# Ewhurst Brickworks, Surrey - March 2017



## Brewtal (Mar 27, 2017)

I have been driving past this place for the last 3 years and it has taken me this long to actually hop over the fence and have a look around. I had planned to visit somewhere much further afield but after a last minute request from a mate to help with something I shelved that one for a later date. I was in the area and had my camera so thought why the hell not.

Some history from derelictmisc.org.uk

"Clay extraction for brickmaking began at Ewhurst Works c.1945 under A. Hone & Sons, though many of the buildings on site (including the kilns) are later than this, having been erected in the 1960s. The small works comprised sand and additive hoppers, factory buildings, four drying tunnels, a Nissen hut canteen and seven intermittent downdraught kilns connected by underground flues to a central smokestack.
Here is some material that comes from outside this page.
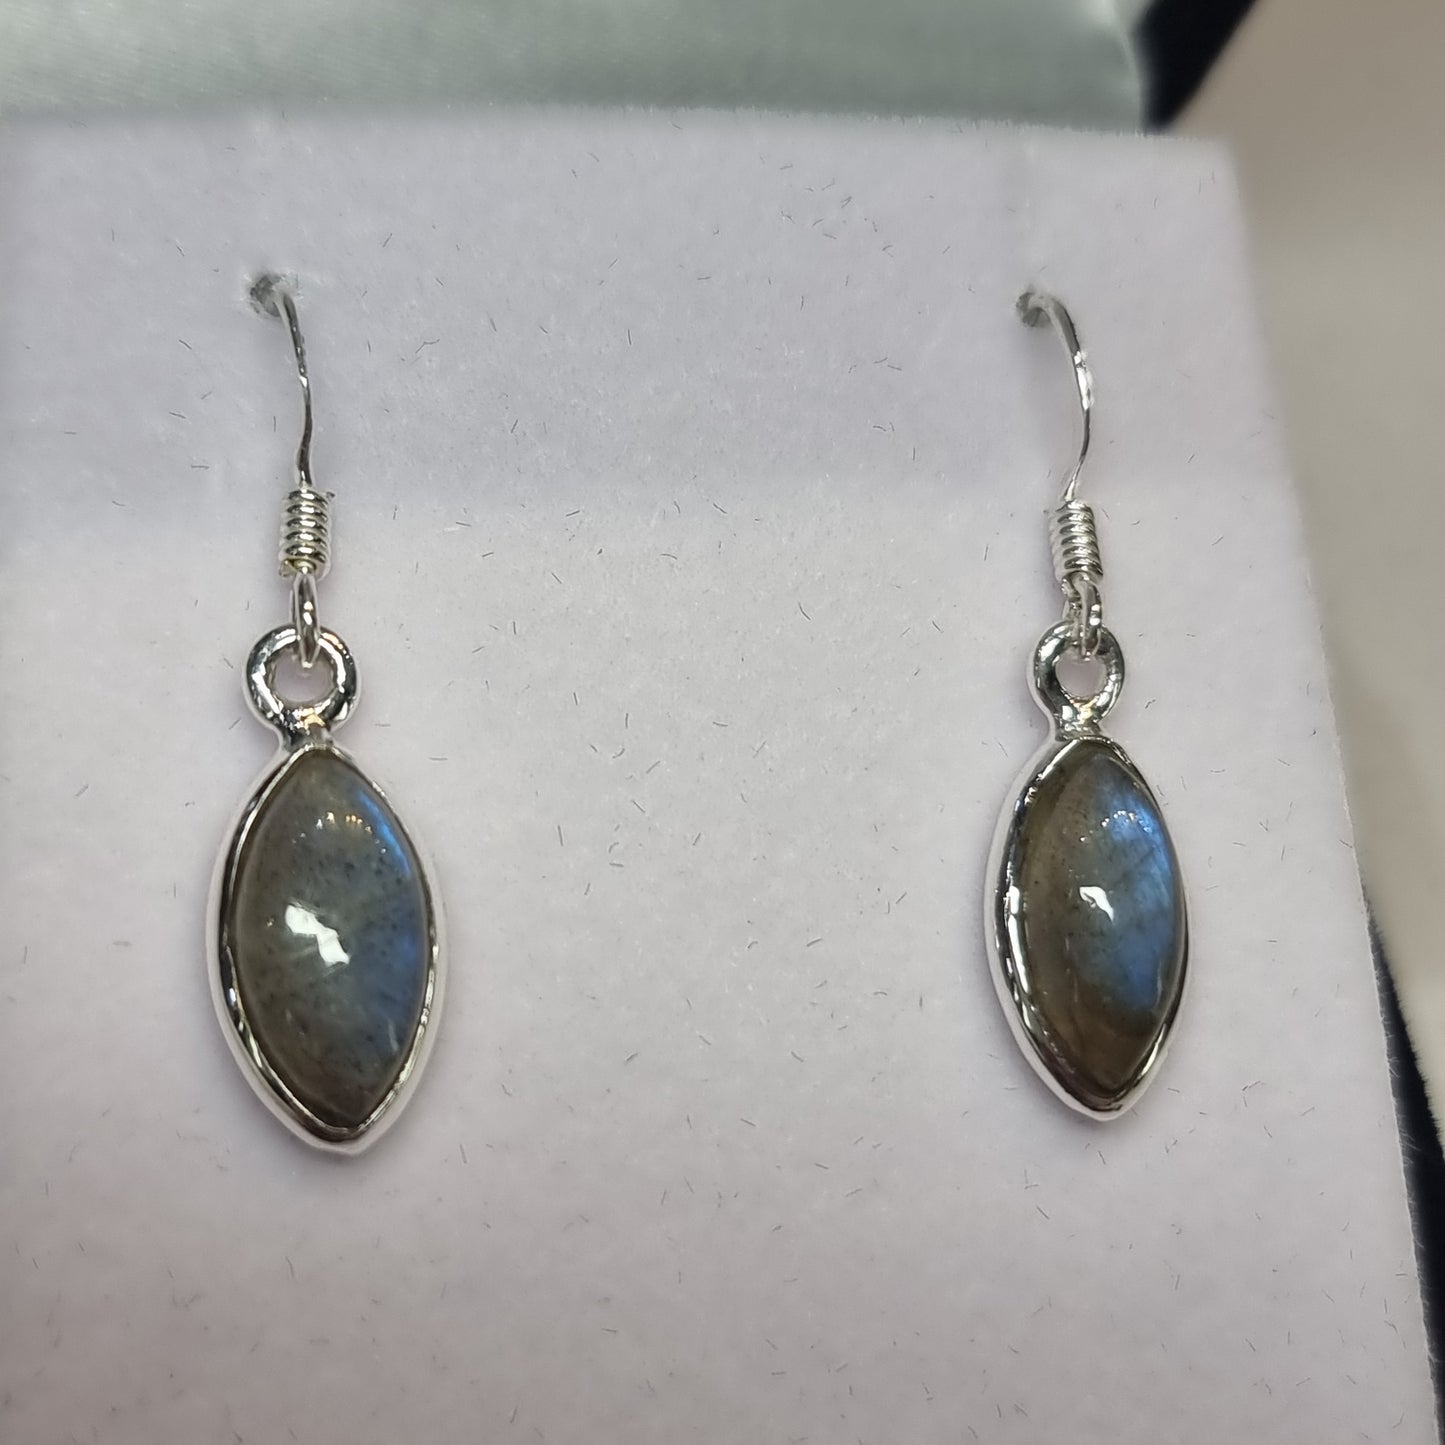 Labradorite earrings - Rivendell Shop

A 2' gauge tramway brought clay from a small pit to the south.

The works closed c.1977 and by the early 1990s had become a haven for wildlife, home to bats, foxes, deer and owls. It was here that I first experienced derelict spaces, c. 1995 and I found plenty here to hold my interest: trees sprouting up through cracks in the roofs, coats still hanging up in the canteen, the last load of bricks still in the kilns and unidentifiable machinery slowly rusting into the ground. In 2004, however, the main factory roof collapsed and diggers were brought in to clear the wreckage, also demolishing the canteen and sand hoppers, thus opening for the first time large areas of the site to become a canvas for graffitists who covered them in bright murals and tags. Since then, although several plans have been raised for dealing with the redundant site, none have come to fruition. Once again nature is colonising the bare concrete and for the most part Ewhurst Brickworks is being left to its own devices."
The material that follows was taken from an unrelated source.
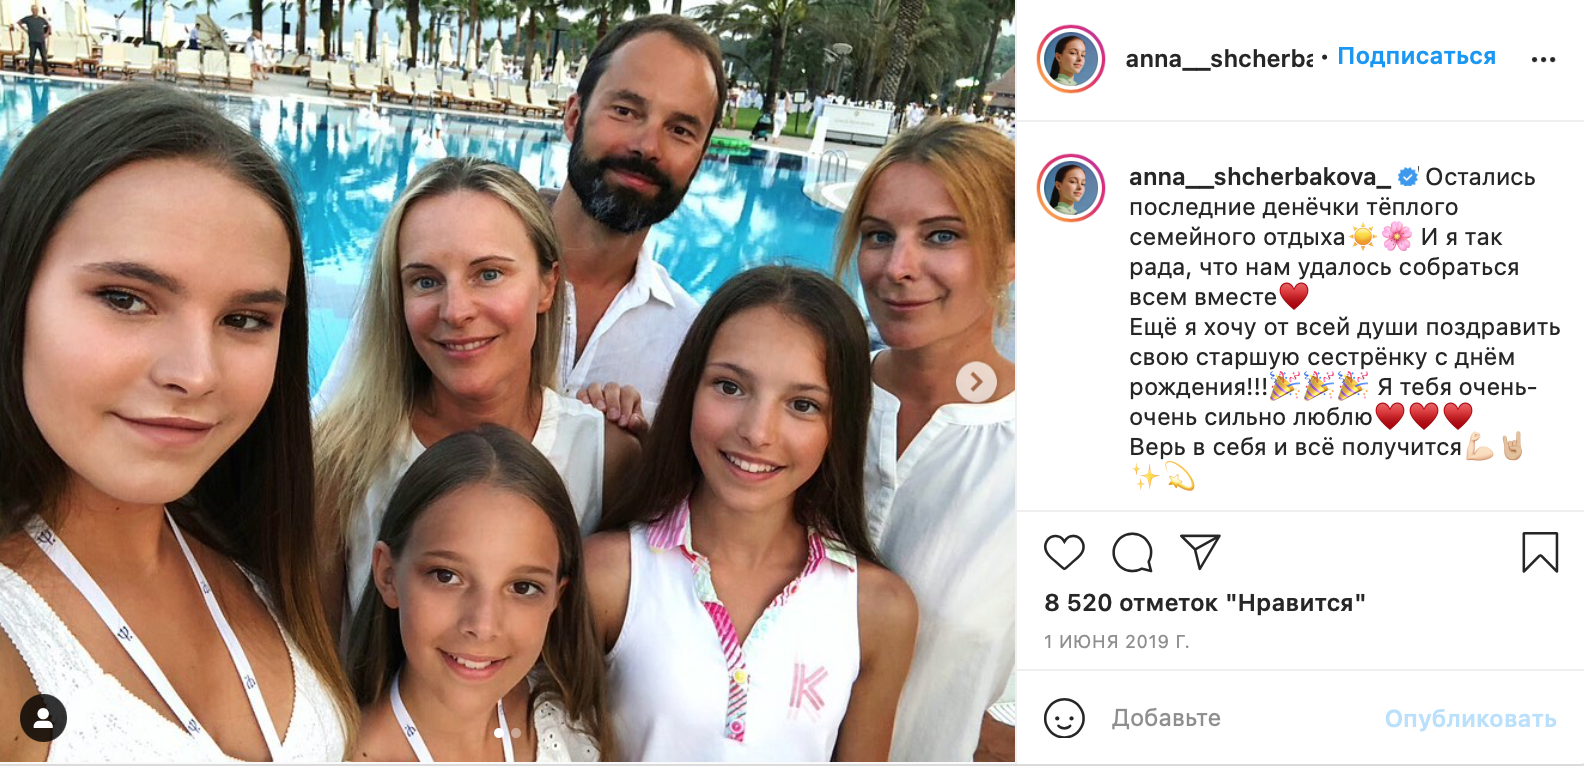 Anna shcherbakova family

It was a nice lazy wander, I didn't think I'd have long there as it looked like it could start raining at any moment but it held off until the drive home. It isn't the most spectacular place, a lot of the good parts are long gone, but I liked the contrast between the bright colours of the graffiti and the dull grey sky. I would love to come back here in 10 years time and see how nature reclaims this place.

















































































I couldn't resist taking a one like this:





Thanks for looking!


----------



## Mikeymutt (Mar 27, 2017)

I enjoyed that mate.even though it's smashed up and full of graffiti.it adds to it


----------



## Gromr (Mar 27, 2017)

I do quite like this. Yeah its a ruined mess, but its pretty cool. The colourful graffiti is rather cool in the context of it tbh.


----------



## mockingbird (Mar 27, 2017)

Agree with Mikey graffiti adds to it  good report mate


----------



## darbians (Mar 27, 2017)

Last ones a cracker.


----------



## HughieD (Mar 28, 2017)

Great images Brewtal. Love the tension between nature reclaiming the site and the graff.


----------



## smiler (Mar 28, 2017)

Nice One, I enjoyed it, Thanks


----------



## prettyvacant71 (Mar 29, 2017)

The bright urban graff really contrasts with the natural surroundings, I really like the look of this place with the Silver Birch trees springing up around the kiln.

The moody sky adds to the atmosphere, well captured indeed


----------